By all accounts, Miles Davis was not a nice person. He'd play with his back to the audience. He was a badass, a womanizer, a drug addict and dictator. But he was a brilliant composer, player, arranger. He was a boxer, and a painter -- and played like both, with jabs, bursts and splashes of tone.
He was very prolific. I own more records, tapes and CDs of Miles Davis than any other musician. In the hundreds. Each hold surprises every time I hear them.

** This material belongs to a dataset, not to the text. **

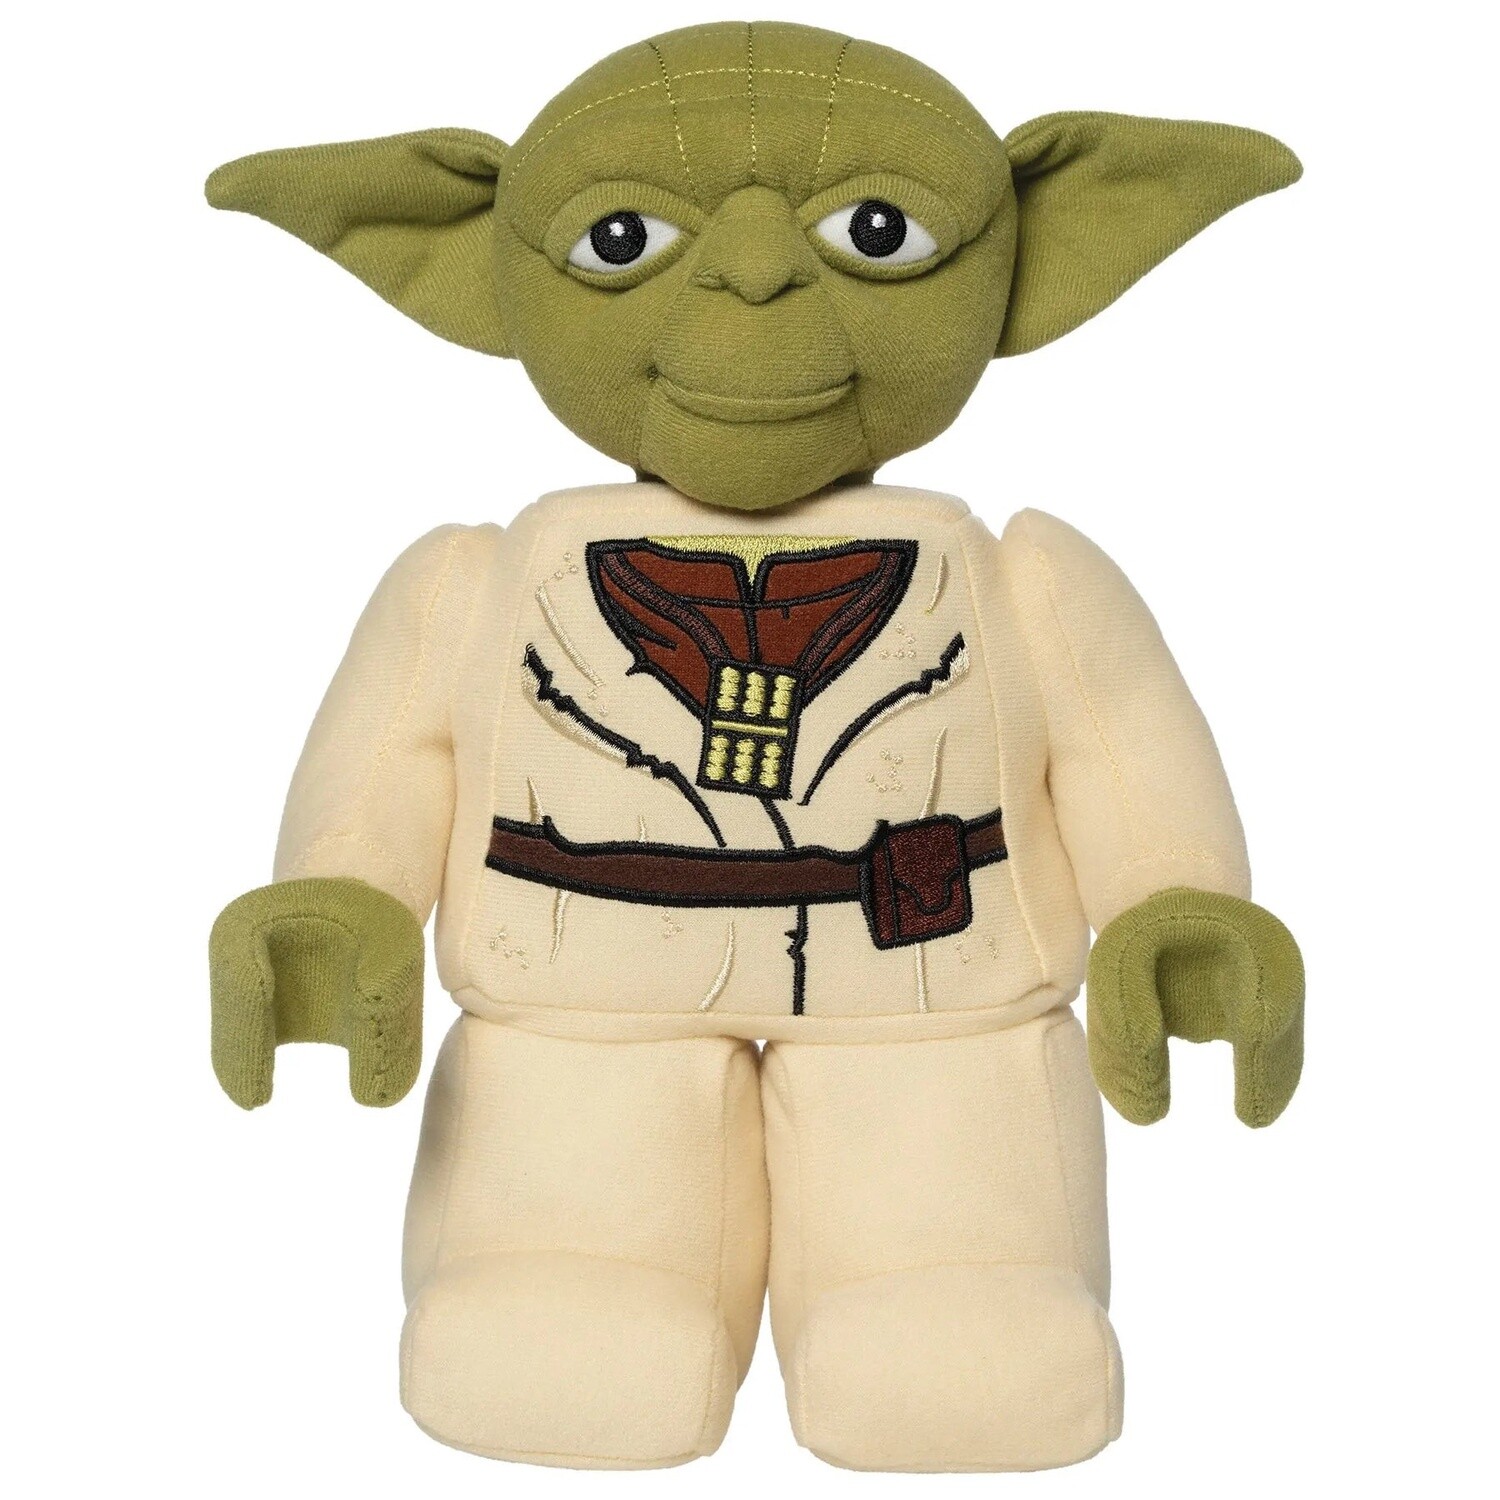 Lego Star Wars Yoda Plush

Check out this discography (pull up a chair):
http://www.milesdavis.com/us/discography
and
http://www.jazzdisco.org/miles-davis/discography/
From his own bio:
"For nearly six decades, Miles Davis has embodied all that is
cool
– in his music (and most especially jazz), in his art, fashion,
romance, and in his international, if not intergalactic, presence that
looms strong as ever today. 2006 – The year in which Miles Davis was
inducted into the Rock And Roll Hall Of Fame on March 13th – is a
landmark year, commemorating the 80th anniversary of his birth on May
26, 1926, and the 15th anniversary of his death on September 28, 1991.
In between those two markers is more than a half-century of brilliance –
often exasperating, brutally honest with himself and to others,
uncompromising in a way that transcended mere intuition.

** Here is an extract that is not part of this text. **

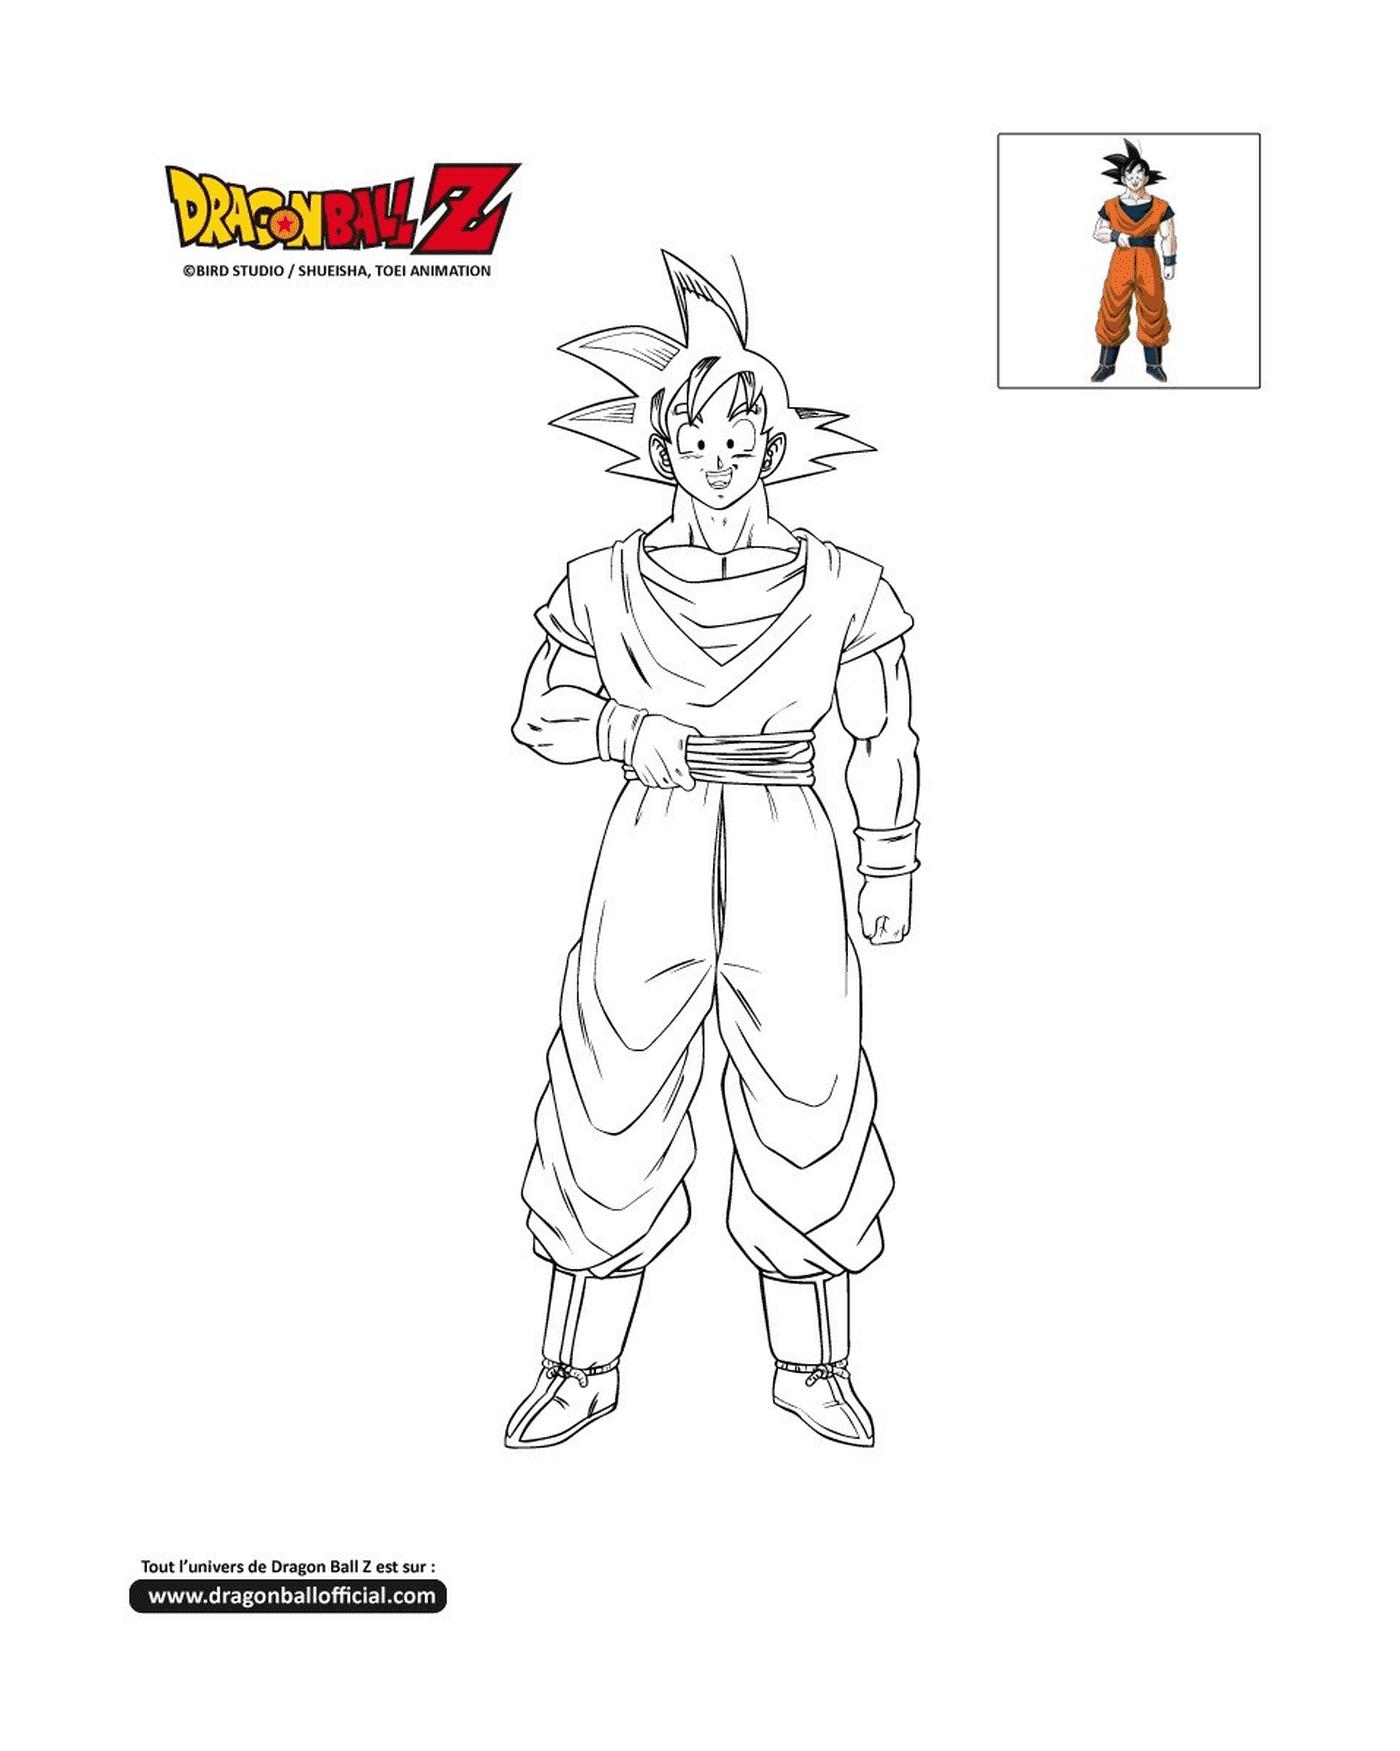   Goku, un homme déguisé en Dragon Ball Z

"Beyond his defiant stance, his piercing glare, his amorous conquests
and one-of-a-kind fashion statements – there was and always will be one
eternal truth: the music of Miles Davis."
Read more here:
http://www.milesdavis.com/us/biography
For me, there were two truly great periods. There was the “first great quintet,” featuring John Coltrane, Red Garland, Paul Chambers, and Philly Joe Jones; then Cannonball Adderley, Bill Evans, and Jimmy Cobb – who stayed together
until 1961. The“second great quintet” included Wayne Shorter, Herbie Hancock, Ron Carter, and Tony
Williams -- until
1968.
Later adventures added electric guitar (John McLaughlin!) and keyboards, sounds more akin to rock and funk music, and at the end, electronic music and rap (Doo-Bop). The constant through all of this was Miles and his horn, weaving and ducking in and around the band.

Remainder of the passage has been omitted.